Final Notes for January 31, 2018 DFT meeting

08 Feb 2018

Final Notes for January 31, 2018 DFT meeting  (Gary Berg-Cross and Clair Austin)

This was an organizational meeting to discuss topics for P11 DFT session as well as setting a time for the February Virtual Meeting:

(Friday Feb 16th same time 10 EST and 3 CET.)

Attendees

Gary Berg-Cross

Mike Conlon

Raphael Ritz

Thomas Zastrow

Stuart Chalk

Claire Austin

 

This was an organizational meeting to prepare for a February Meeting and P-11. Among the topics discussed

 

1. P11 Status, plans and related efforts

There is 1 session planned for RDA P-11 in Berlin – a regular DFT IG meeting although presentations at other sessions are possible. (Simo Hodson will be there but will he be able to attend a DFT session?) For some we may need remote participation. Gary thought we might try a panel discussion.

 

There is no joint meeting planned with VSIG although some potential work is possible. Gary may talk with co-chairs on plans ( Adam Shepard and perhaps Simon Cox who has some supported work.)

 

There is a NIST big data effort and apparently a IEEE pre-conference we might be

involved with – Claire indicated that she is aware of this effort.

 

2. Update on terminologies

There have been a modest number of additions to the vocabulary on the Term Tool (TeD-T- see http://smw-rda.esc.rzg.mpg.de/index.php/Main_Page) by Gary

Updates to vocabularies are still ongoing including input from recent 6 word exercise.
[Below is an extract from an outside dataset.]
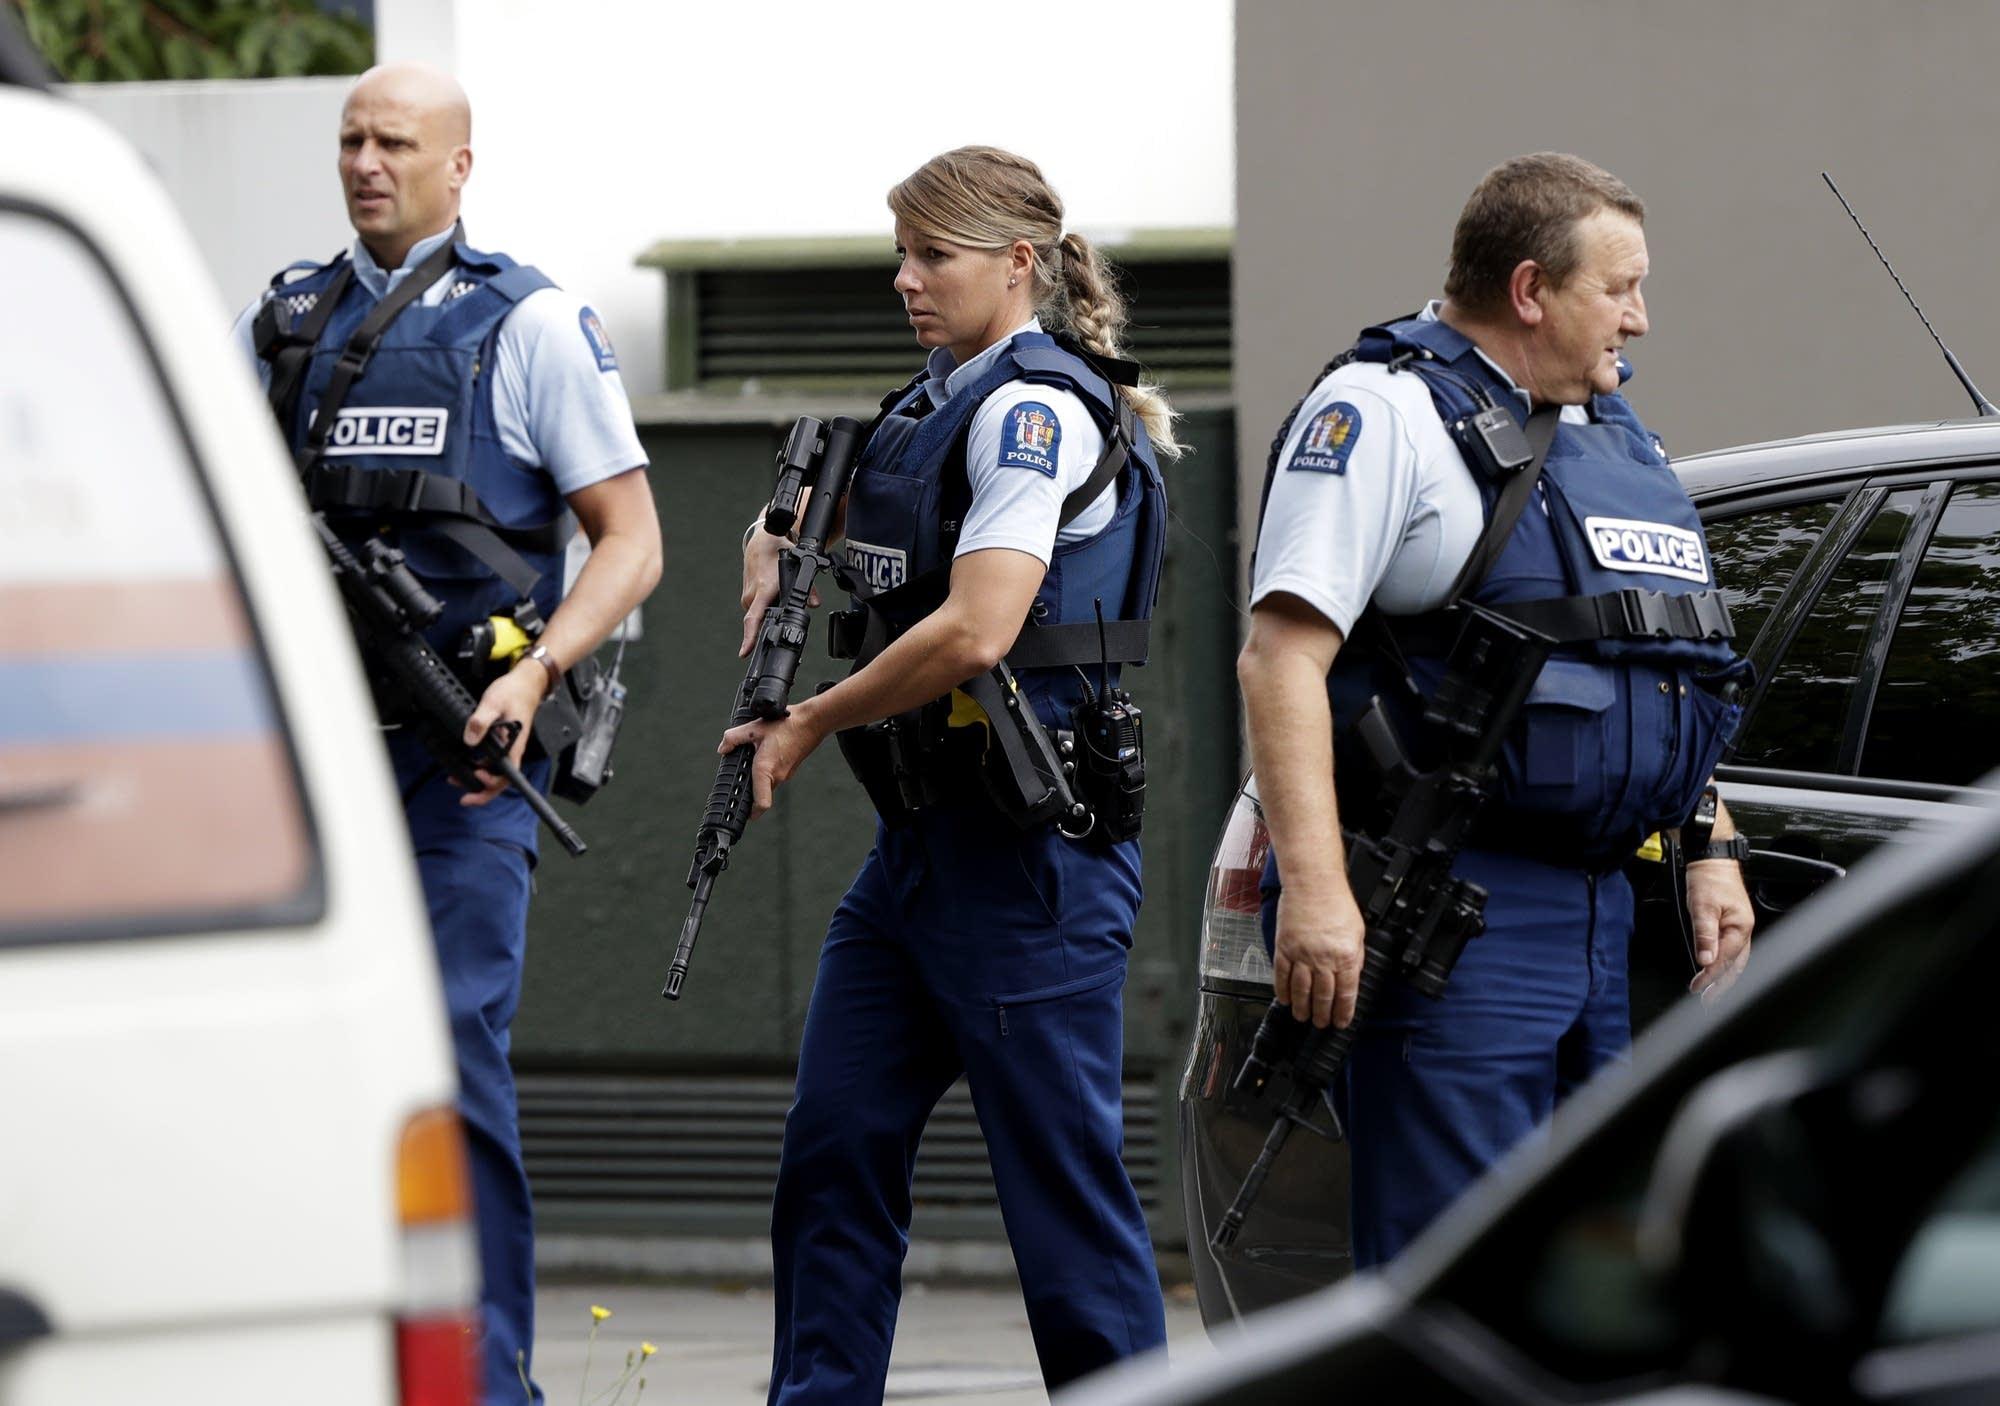 Mass Shooting Christchurch Video News: Mass Shootings At New Zealand Mosques Kill 49; 1 Man

Other potiential sources include items from Larry's C2CAMP briefing (see below), Mapping the Landscape IG , and perhaps Vocab-services.
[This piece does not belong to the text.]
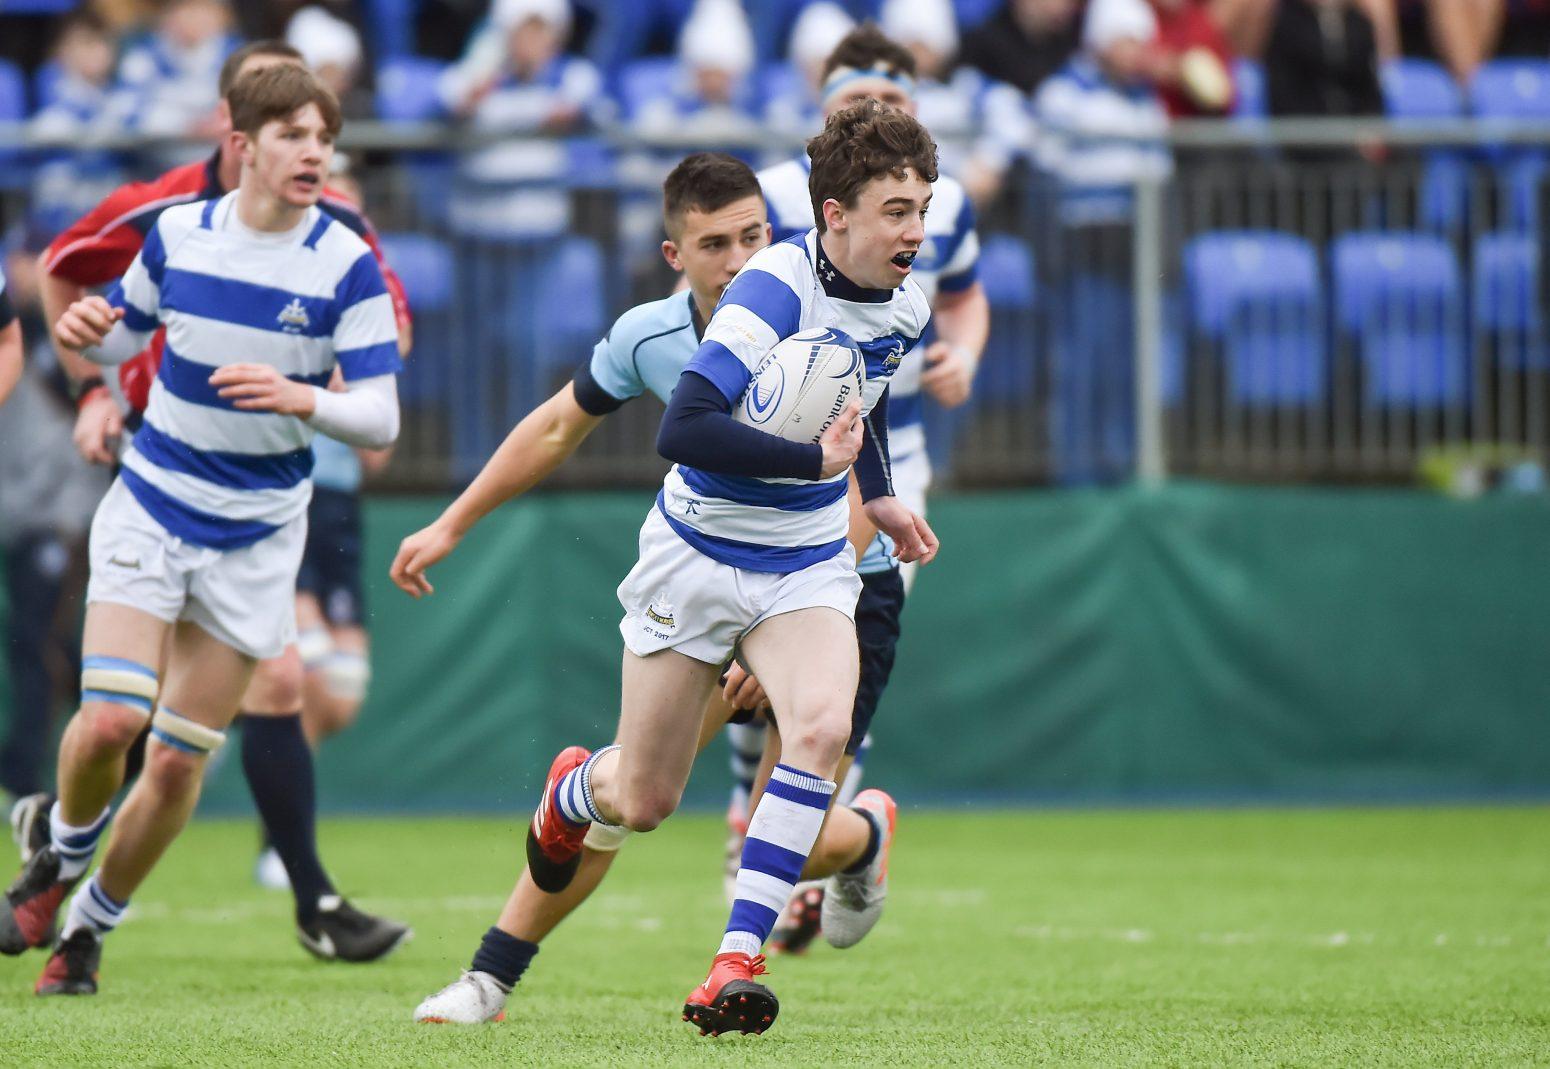 Leinster Schools Junior Cup Final

There are also terms from the chairs collab meeting.

 

C2CAMP examples include:

  • Science Ecosystem

  • digital object model

  • tightly associated metadata

  • Object typing

  • Mapping services

  • Global Digital Object Cloud

  • virtually aggregated digital objects,

  • Solution Space

  • etc.

 

We need definitions for these as well as from other RDA groups. Gary will contact

Larry to see if he has any to offer.

Gary also thought that we might update“core” and provide some visualizations of these o help understand and communicate the expanding RDA message.

 

3. International Research Data Management (IRiDiuM) Glossary

Collaboration with IRIDIUM may also provide some terms. We are open to sharing/expansion. IRiDiuM is developed and maintained by CASRAI in collaboration with CODATA. The glossary is found in a wiki at http://dictionary.casrai.org/Category:Research_Data_Domain . The development of new terms and definitions takes place in an online Forum. In both cases, the history is preserved and discussion threads are made public. The workflow has been modified this year for greater efficiency and tighter deadlines.

The first IRiDiuM expert panel review cycle developed 69 new terms and definitions last summer. Thirty-nine of these were moved into the glossary, while 30 that had received public comment were carried forward into the 2nd review cycle for further work in February, 2018. Once the latter are finalized, additional terms submitted from various groups will be added to the 2nd review cycle for work in March. See, for example, Appendix 2.
 

4. Other sources of terms and definitions

NIST's Big Data Interoperability Framework WG has developed definitions for , https://bigdatawg.nist.gov/home.php . ISO Standards also often include terms and definitions.
 

There was a group discussion for a process for keeping up with terms and the need for a registry. One phenomena is that some terms require alternate definitions in different contexts.

How do we handle that?

Claire observed that it is difficult to keep up with various groups that develop short lists of terms and definitions for their immediate needs.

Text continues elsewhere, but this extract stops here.